* Exercise objective *
Search the listing below for the line with "Fondo bianco isolato", then write out that line and every one after it exactly, without the pictures.
--- Dataset content ---
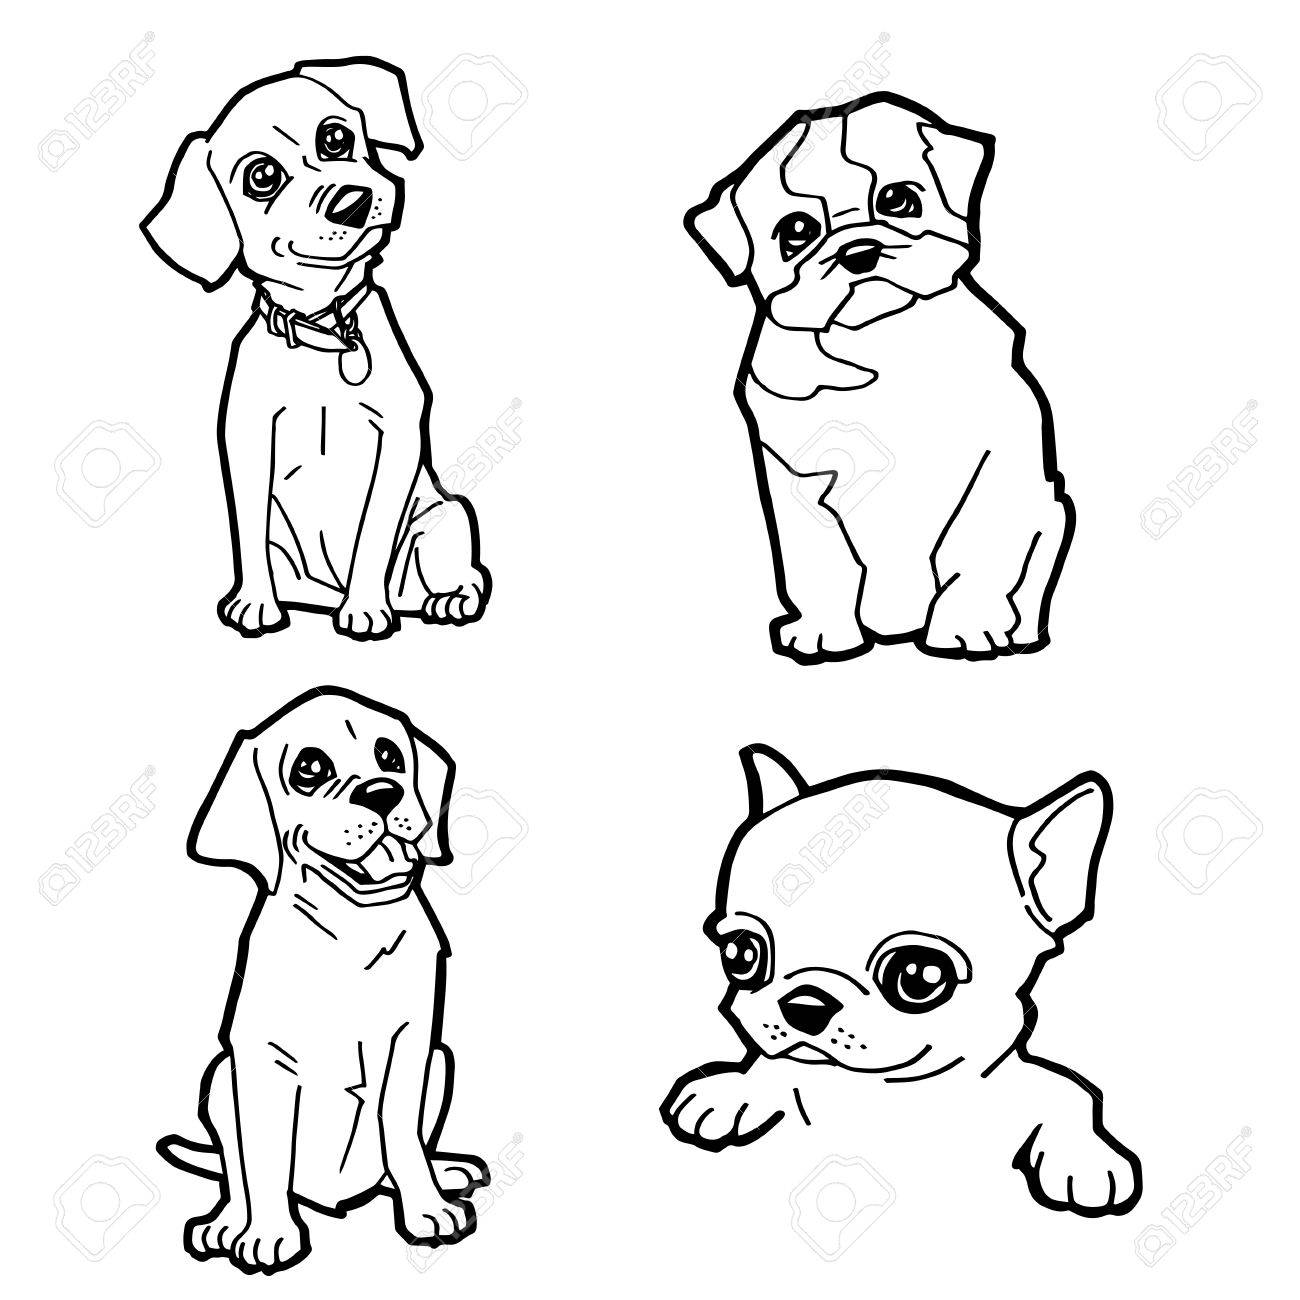 Conjunto De Dibujos Animados Lindo Perro Para Colorear Página ...
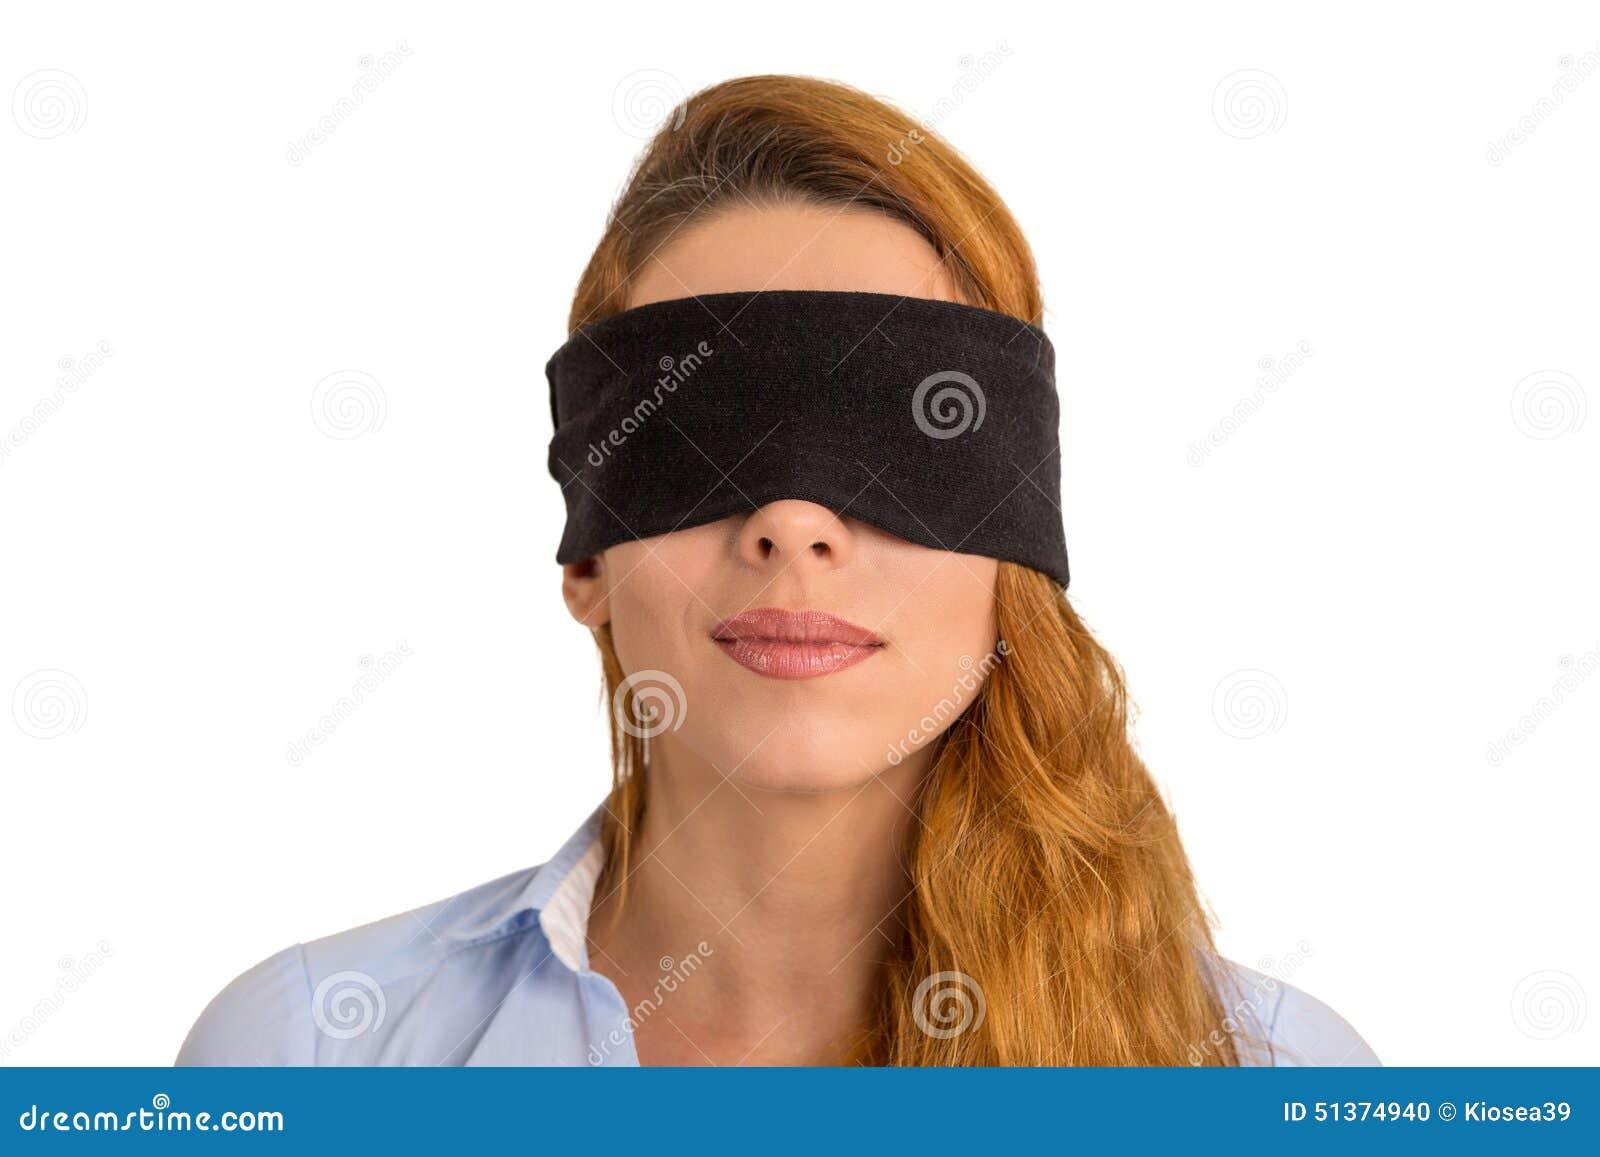 Fondo bianco isolato bendato gli occhi giovane donna del ritratto
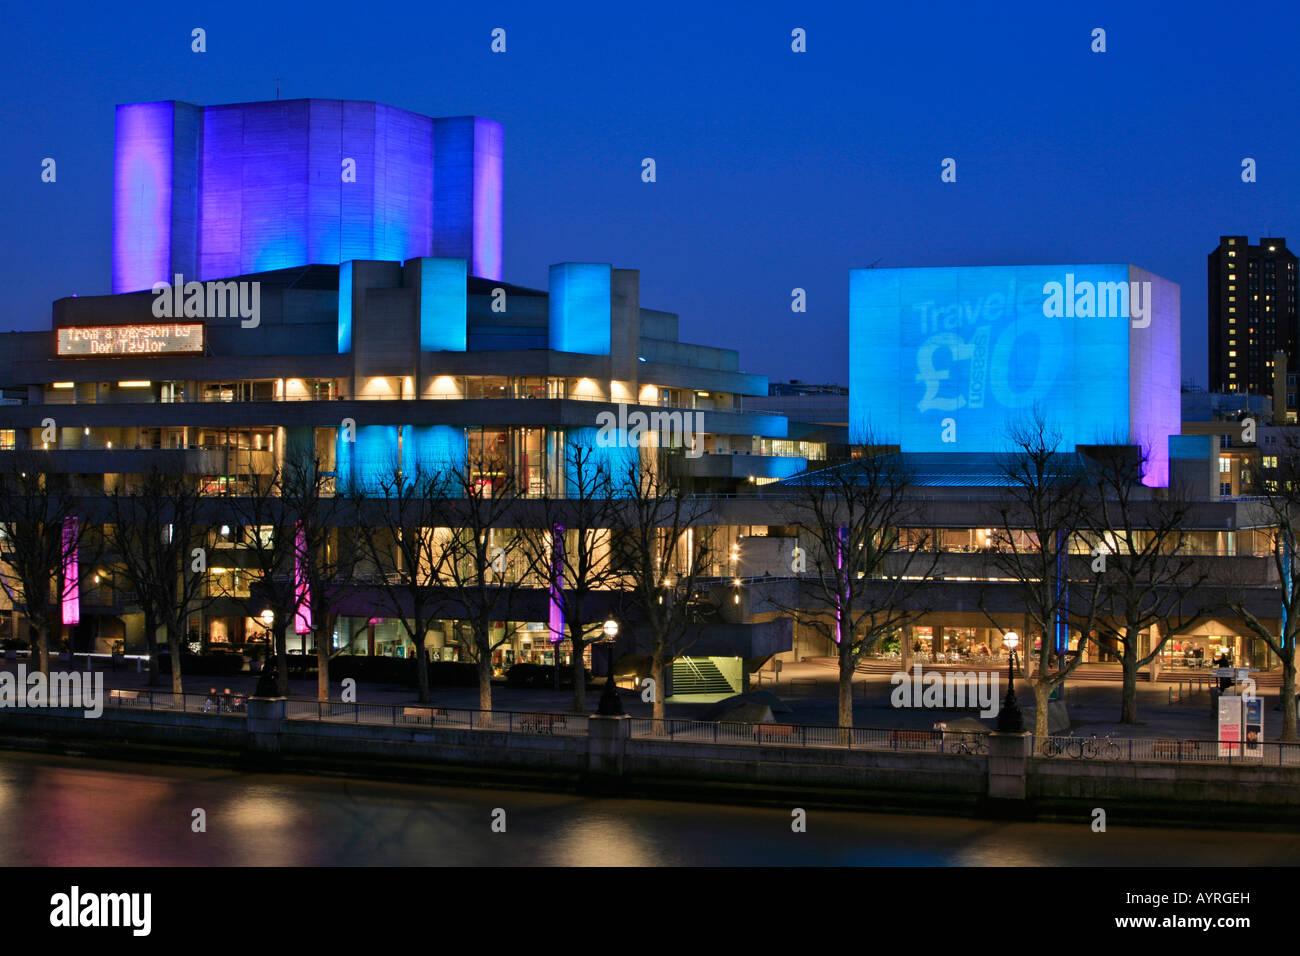 National Theatre building illuminated blue at dusk, London, England, UK - Stock Image
---
* Answer to the exercise *
 Fondo bianco isolato bendato gli occhi giovane donna del ritratto
 National Theatre building illuminated blue at dusk, London, England, UK - Stock Image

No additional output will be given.